Copy the listing exactly; drop the pictures.

* INFORMATION PROVIDED
=======

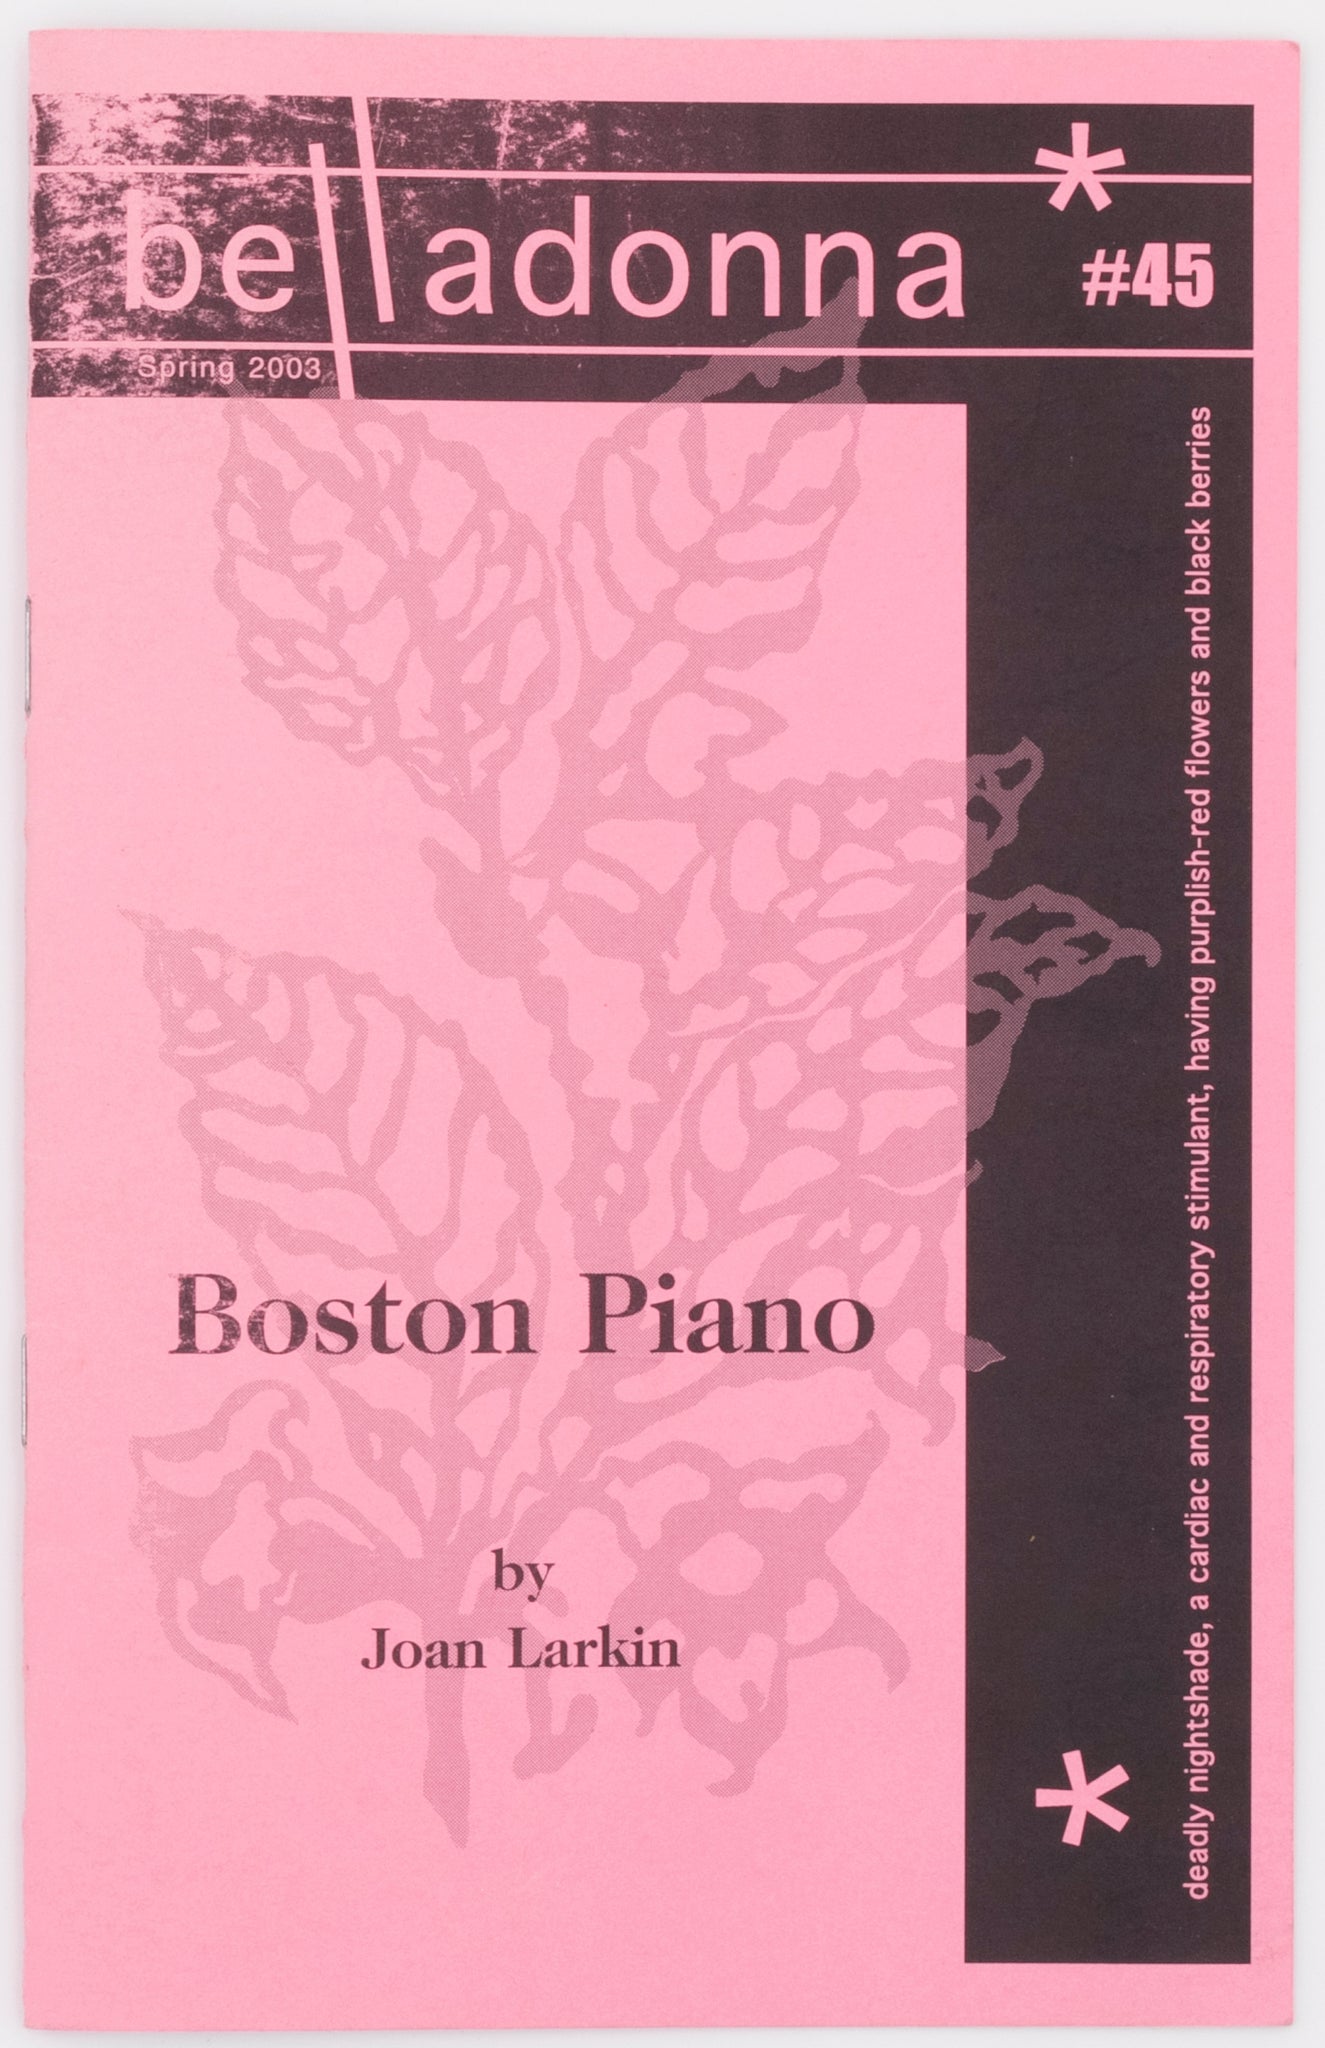 Boston Piano (Belladonna* #45)
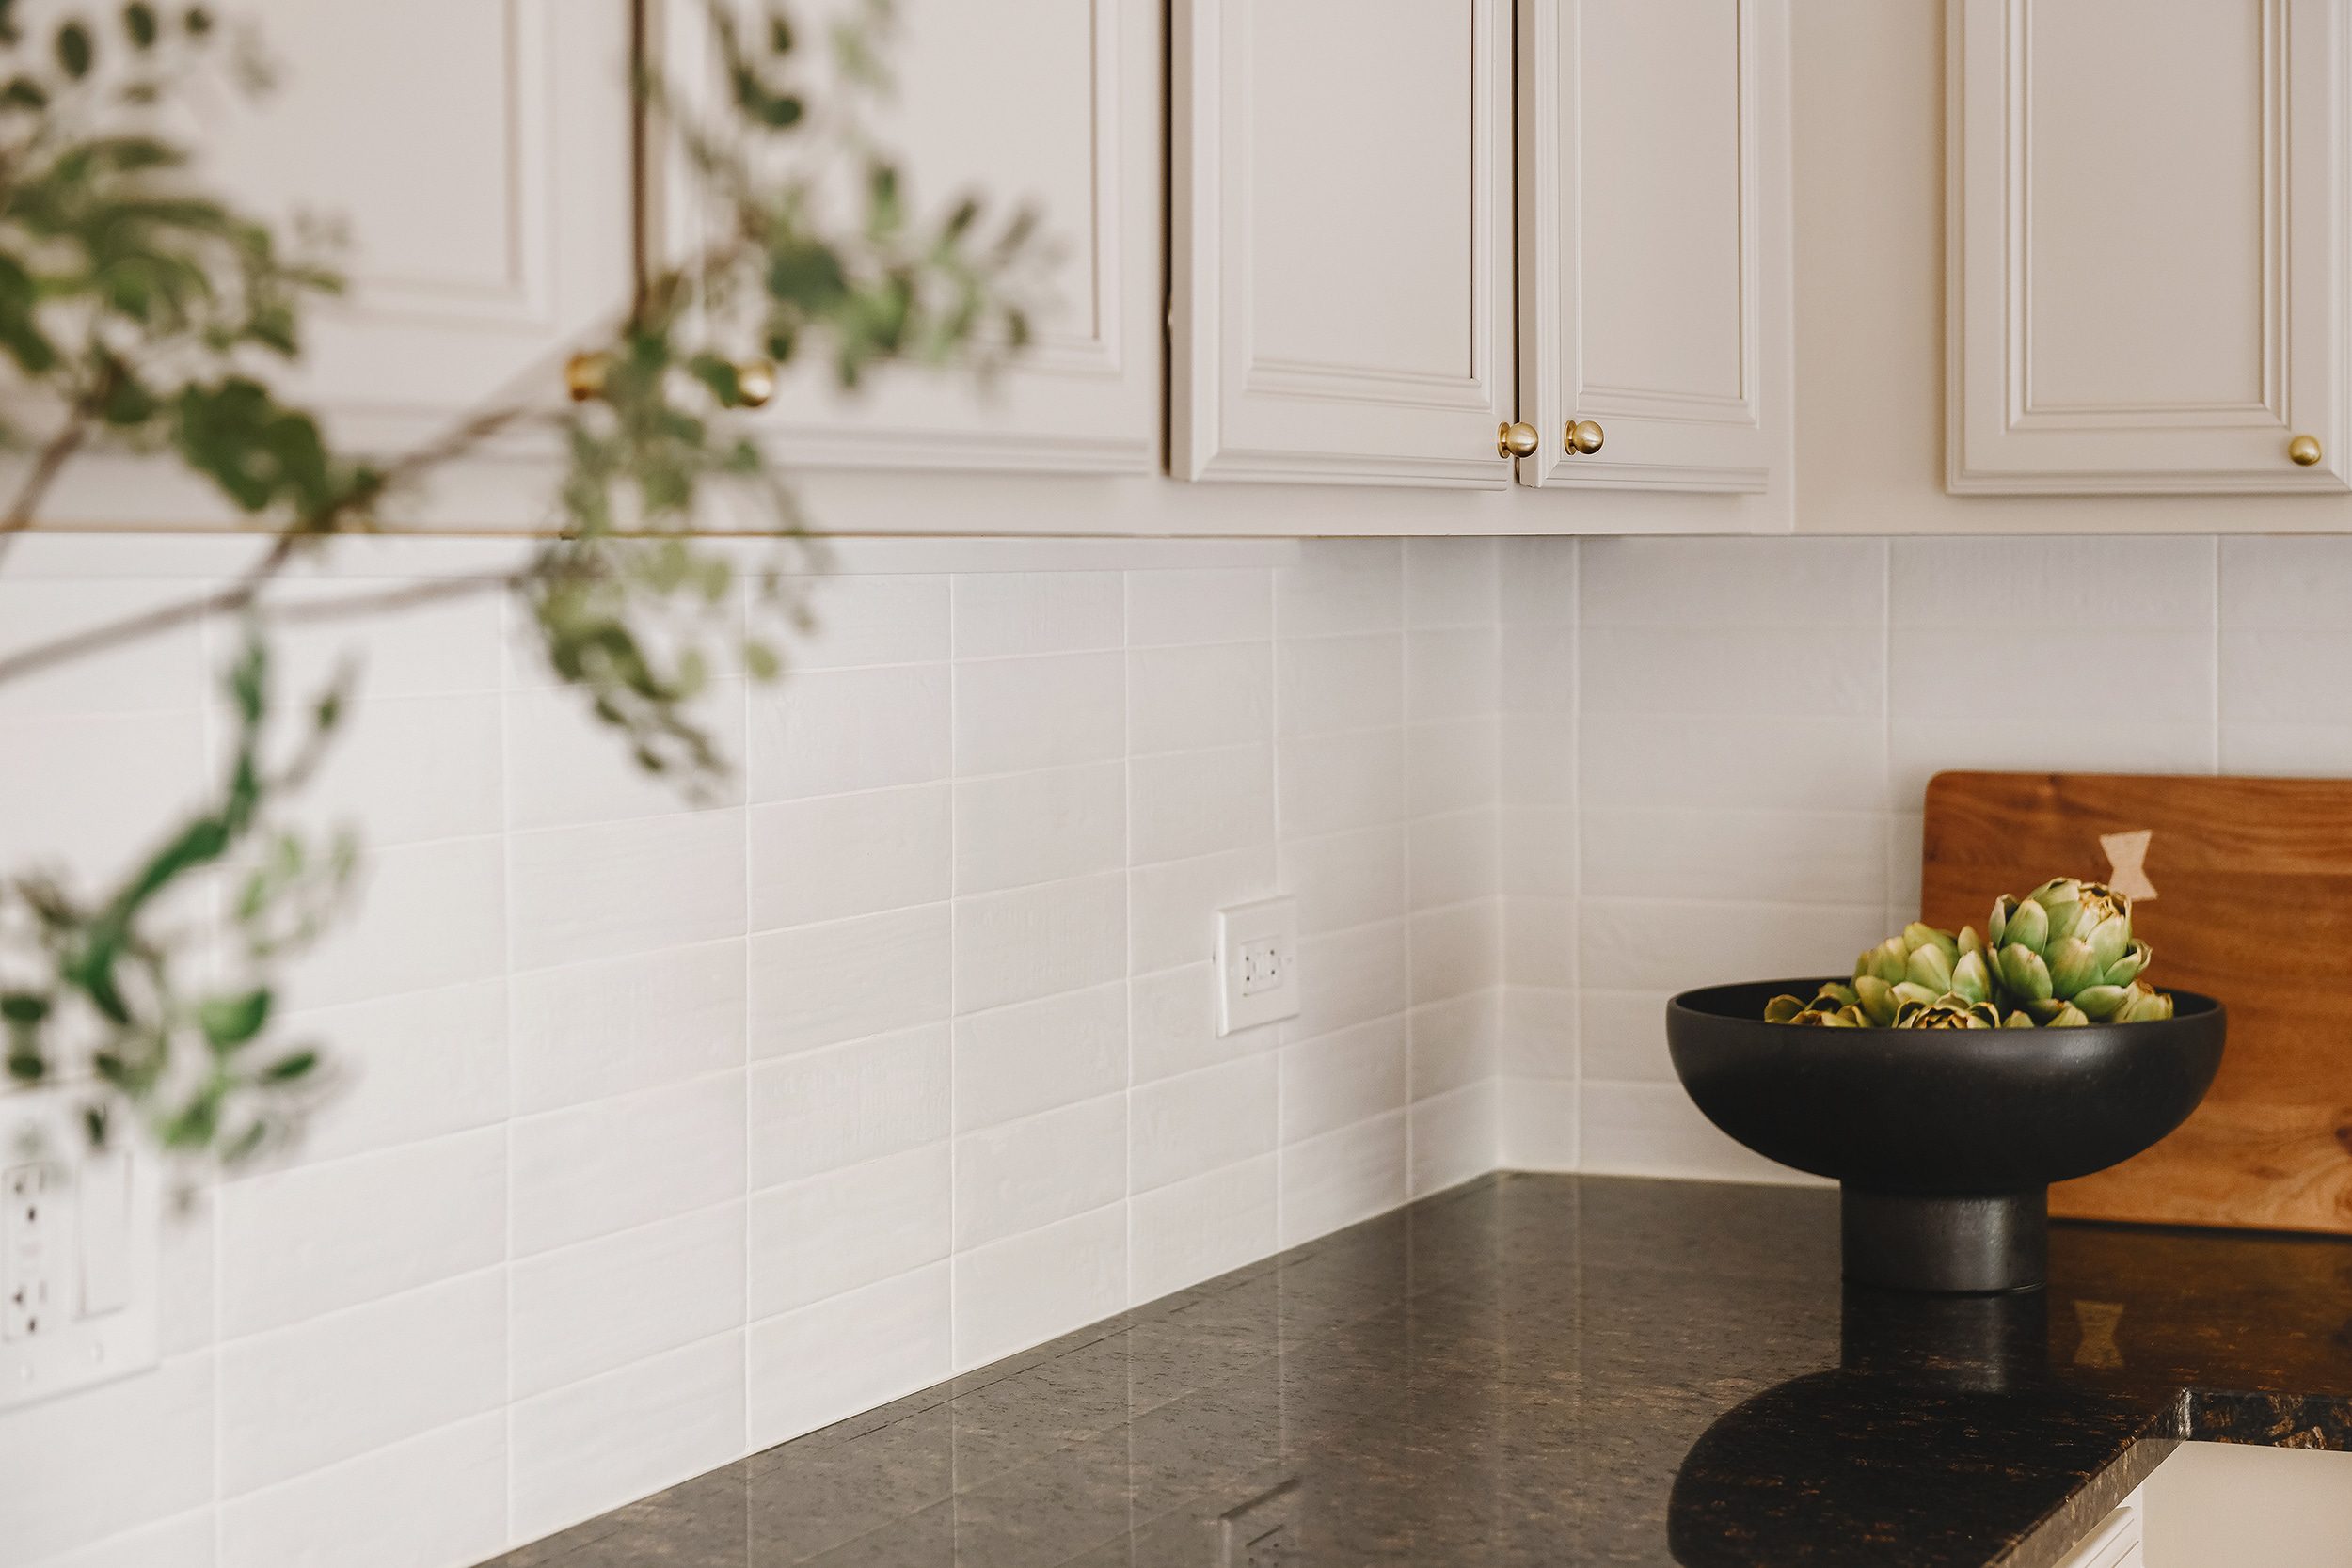 kitchen backsplash styled | via Yellow Brick Home
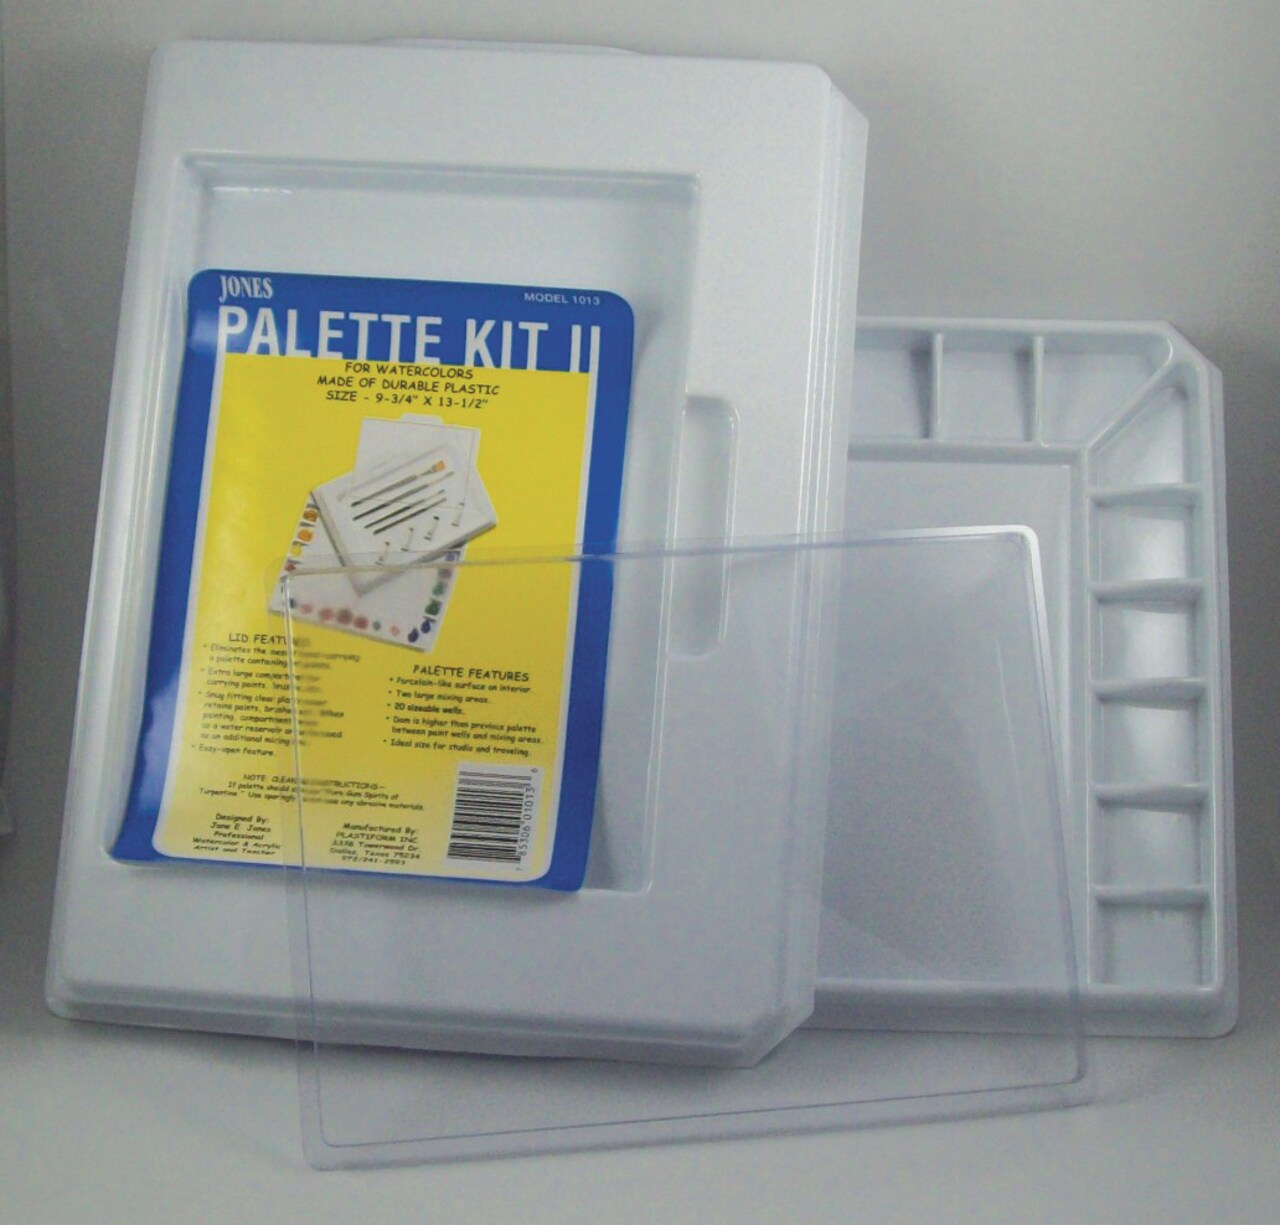 Palette Master Jones Palette Kit II
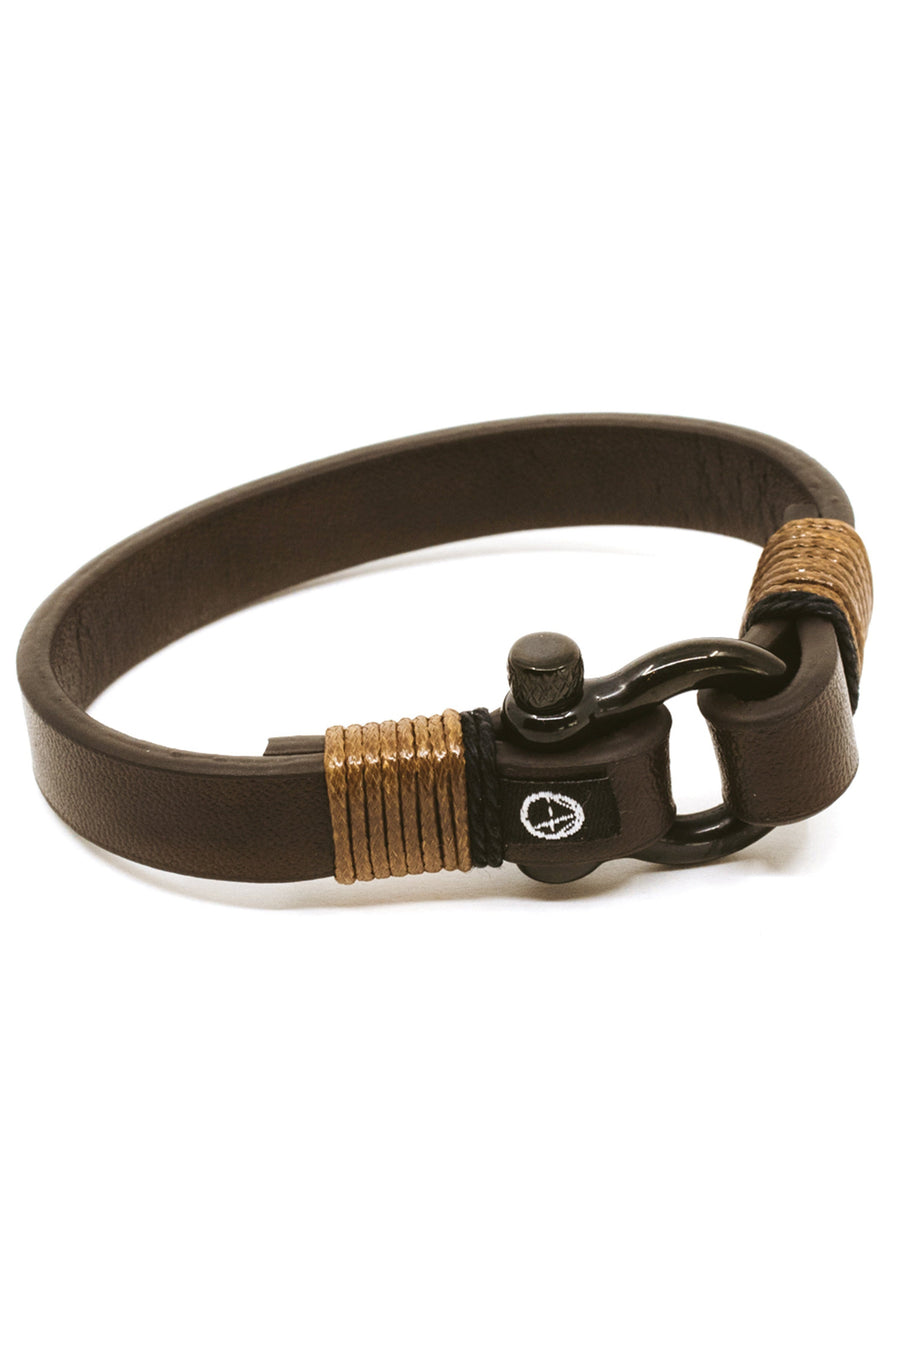 Shackle Leather Ocean Lab Bracelet

=======

* ANSWER FOR THE TASK
 Boston Piano (Belladonna* #45)
 kitchen backsplash styled | via Yellow Brick Home
 Palette Master Jones Palette Kit II
 Shackle Leather Ocean Lab Bracelet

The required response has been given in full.